The second case at the bureau centers on the Puerto Rico Electric Power Authority’s upcoming integrated resource plan, its plan for the island’s electricity mix for the next twenty years. While the IRP will not be finalized until late September, the Energy Bureau invited stakeholders to comment on the assumptions and modeling scenarios for the IRP, which were prepared by Siemens and presented to the bureau earlier this month.

Our joint comments criticized the IRP’S heavy focus on building new infrastructure for importing natural gas into Puerto Rico. Although the cornerstone of PREPA’s previous IRP — plans for the Aguirre Offshore Gas Port — no longer seems to be under serious consideration, the new IRP considers bringing natural gas to the port of San Juan, as well as building new natural gas import facilities at Mayaguez and Yabucoa.

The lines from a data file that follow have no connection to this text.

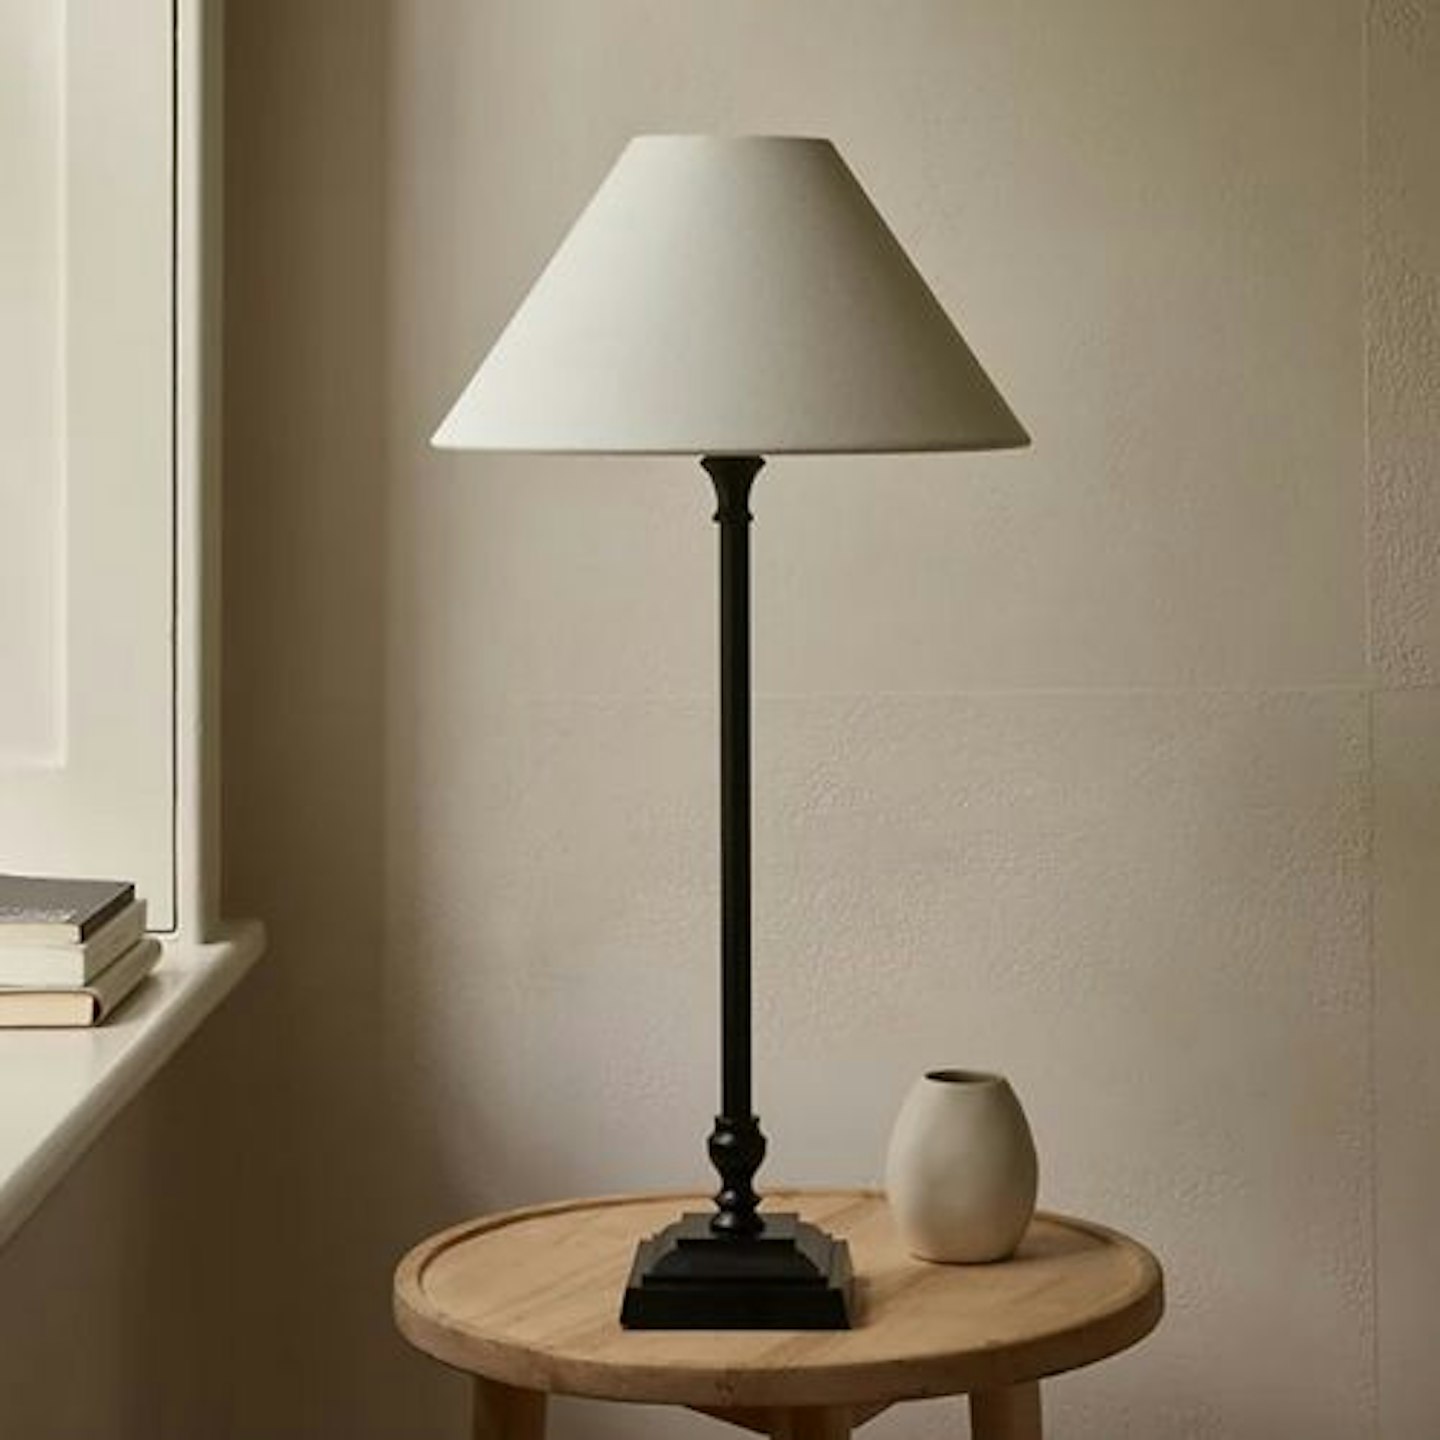 Portable Harris Lamp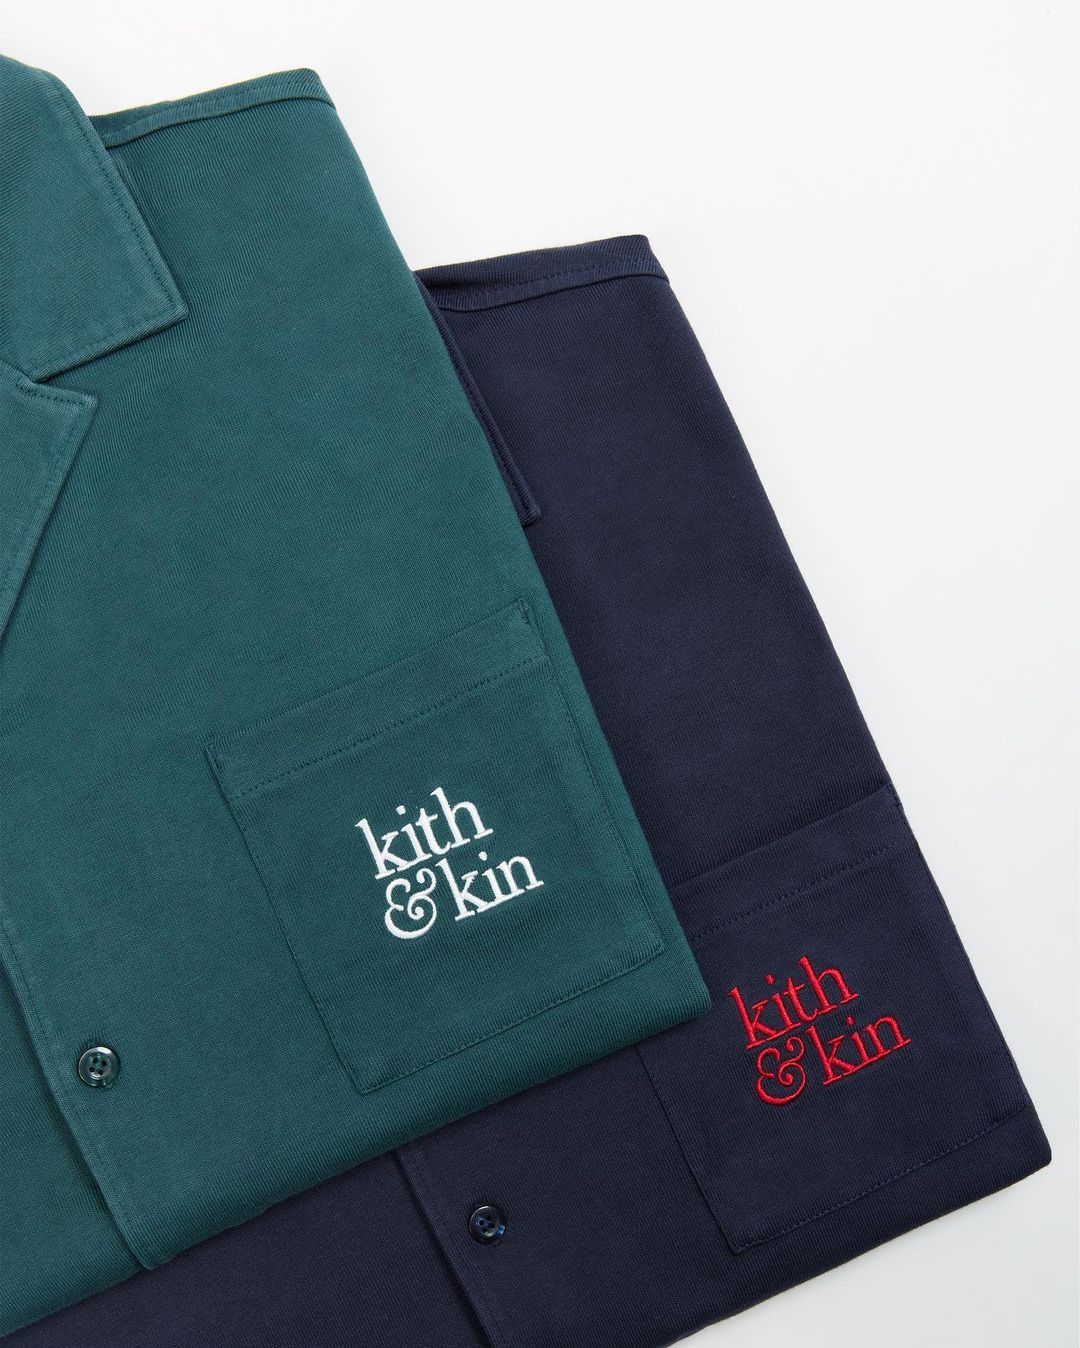 【Kith & Kin Pajama Shirt and Pant Set】 KITH MONDAY PROGRAM 2020年 第43弾が海外 12/21 発売 (キス)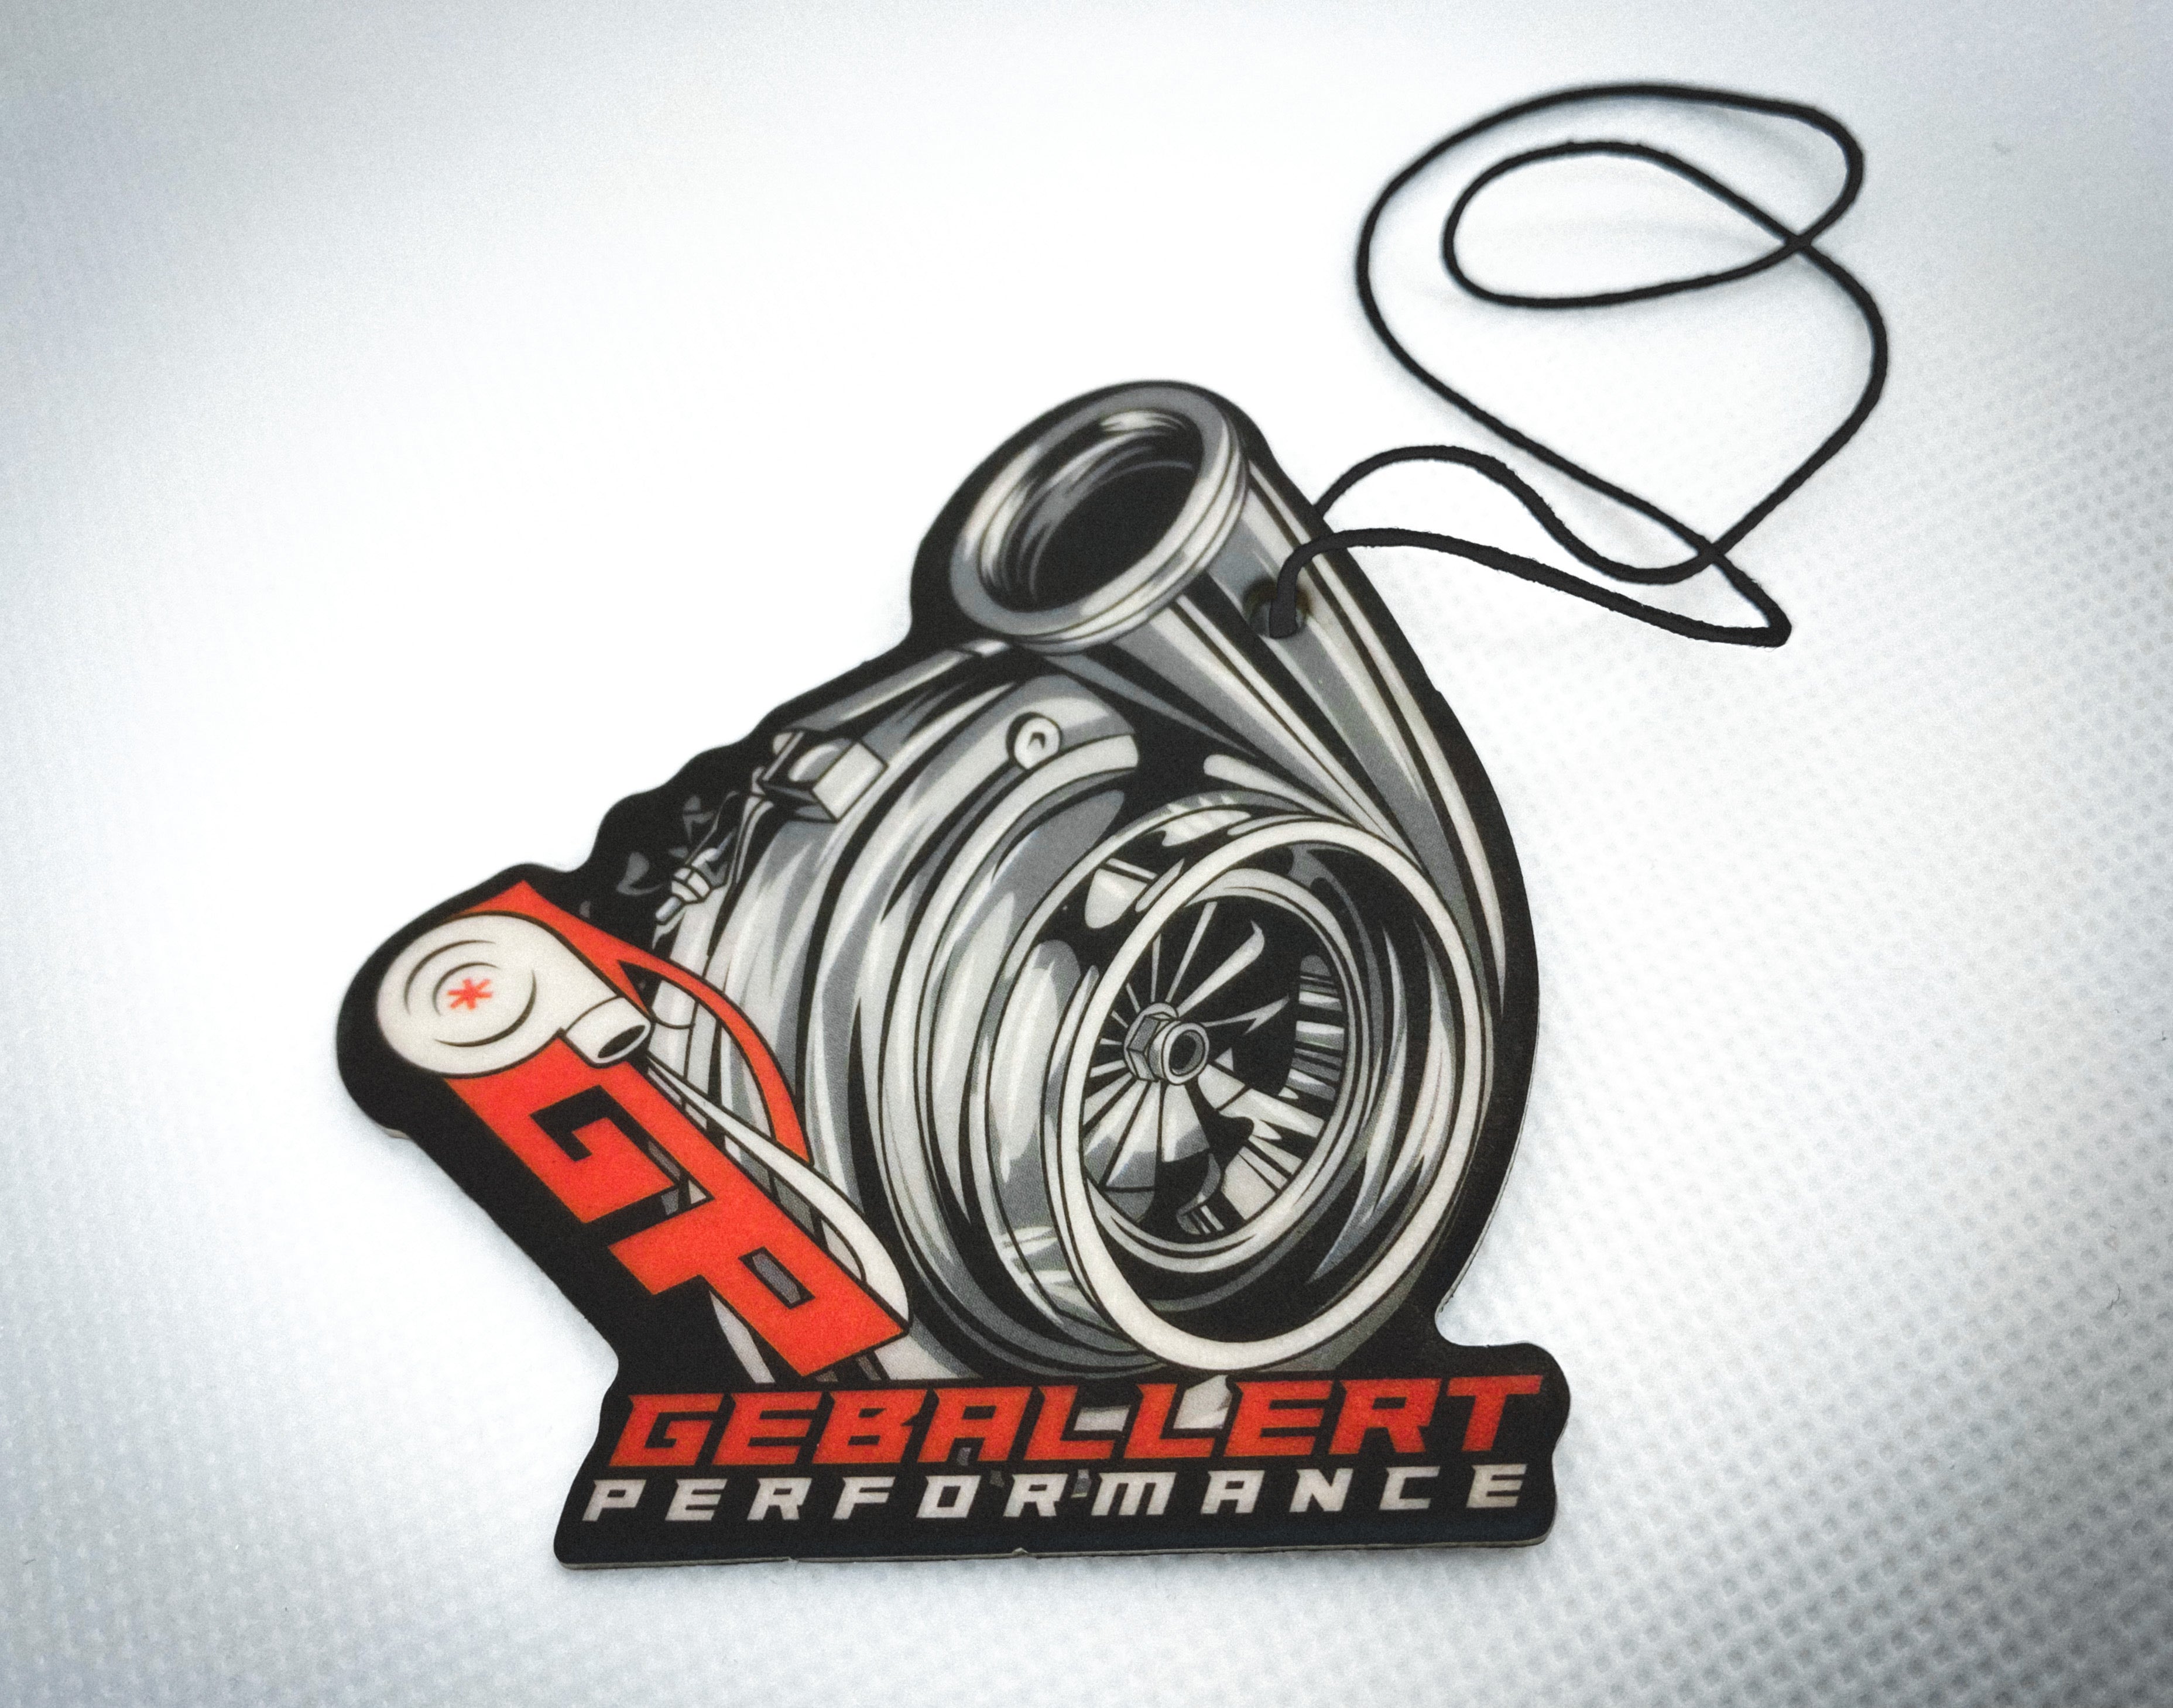 Duftbaum Turbo Car Cent Duft - Geballert Performance – Geballert

Incredibly, only one of the seven modeling scenarios that PREPA will be evaluating as part of the IRP does not include new natural gas.

We also argued that PREPA has likely underestimated future natural gas import costs, an assumption that will have significant consequences on the model’s prediction of the optimum future energy mix.

PREPA’s natural gas-heavy IRP is consistent with the priorities of new PREPA CEO Jose Ortiz, who has recently touted his plans for prioritizing new natural gas infrastructure. We maintained that PREPA should instead use the IRP modeling process to maximize the level of cost-effective renewable energy, storage, energy efficiency and demand response — and then see how much remains to be covered by imported fossil fuels. Prioritizing imported fossil fuels will mire Puerto Rico in the past and will continue to make the system both expensive and financially unstable.